In ancient Arabic lore, spirits are often thought to take the form of animals and in particular snakes, and although the Qur’an makes no reference to this ability, Iblis’s temptation of Adam in the Garden of Eden, puts him in the role of the serpent of the Book of Genesis.


{46.18} tells us that jinn are, like men, comprised of separate ‘communities’, and, consistent with this, the jinn of {46.29-31}, appear to be Jewish, since they refer to the Qur’an as ‘a book sent down after Moses’, whilst the jinn of {72.1-15} (the longest piece of recorded speech in the Qur’an, of which four verses are produced above) begins by renouncing his past error of believing that God had a ‘consort and child’ – suggesting he had previously been a pagan.

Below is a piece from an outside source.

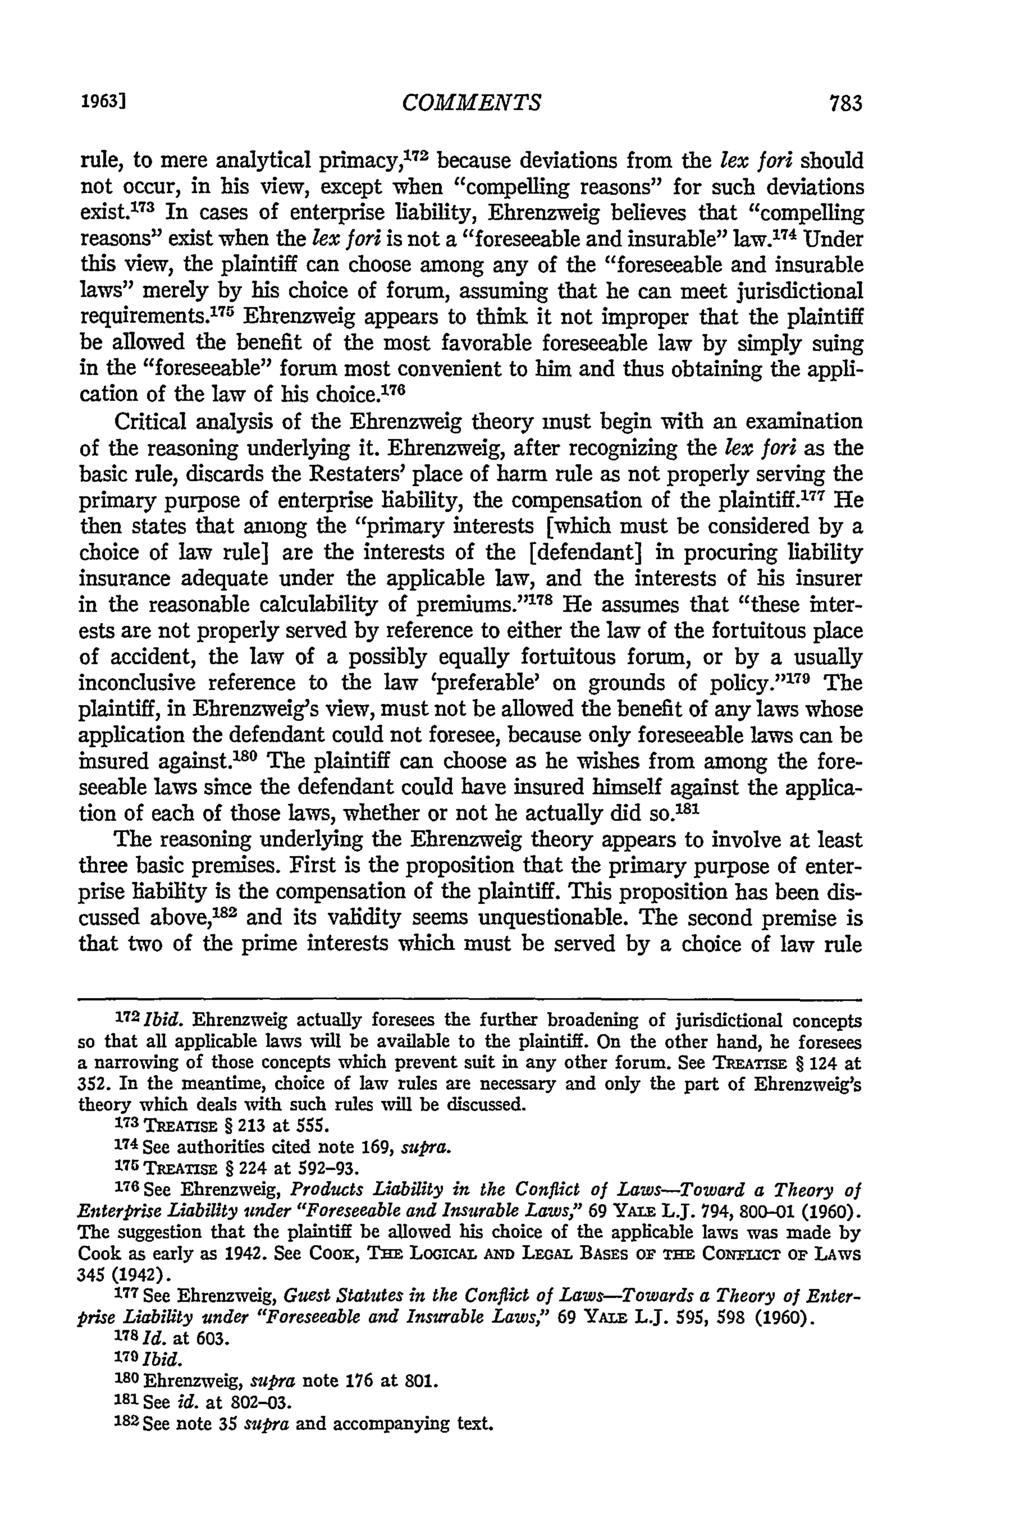 19631 COMMENTS rule, to mere analytical primacy, 72 because deviations from the lex fori should not occur, in his view, except when "compelling reasons" for such deviations exist.

Jinn, like humans, were created ‘for no reason but to worship God’, {51.56}, and consequently, it seems that whilst their fiery nature may make jinn prone to a destination in Hellfire, (see also {7.179}) they nevertheless crave salvation which, for some of them, is possible. Whilst the Qur’an can be unclear where the divisions between men, jinn and shaitans 〈17.〉 lie, {6.112}’s reference to ‘shaitans from amongst mankind and jinn’ reinforces the notion that it is only some jinn that are doomed. In {6.128-130}, God rehearses a speech that He shall deliver to the jinn on the Last Day. During the course of this address, He will remind them that he sent prophets to jinn and men ‘from amongst yourselves’. Islamic scholarly opinion is divided as to whether this means that individual jinn may have, in the past, acted as God’s prophets, or merely that jinn have had opportunity to listen to human prophets. Certainly, they are capable of being rightly guided by listening to the Qur’an and taking its message back to their people as warners, {46.29} – indeed, they risk flaming missiles to do so – and ’when the servant of God rises to call upon (God)’ here on earth, the jinn are so eager to listen that they ‘well-nigh swarm upon him’, {72.19}. Surah 55’s refrain ‘So which of your Lord’s favours do you two deny?’ is even thought to be addressed specifically to both humans and jinn.


Every prophet, and possibly every person, is said to have a personal jinn set aside for them, alongside their guardian and two watcher angels, as a constant mischievous companion and a tempter, either through their ‘flowery discourse’, {6.112}, or as a ‘slinking whisperer’, {114.4}. Inevitably, there is a rich Islamic folklore concerning these impish figures.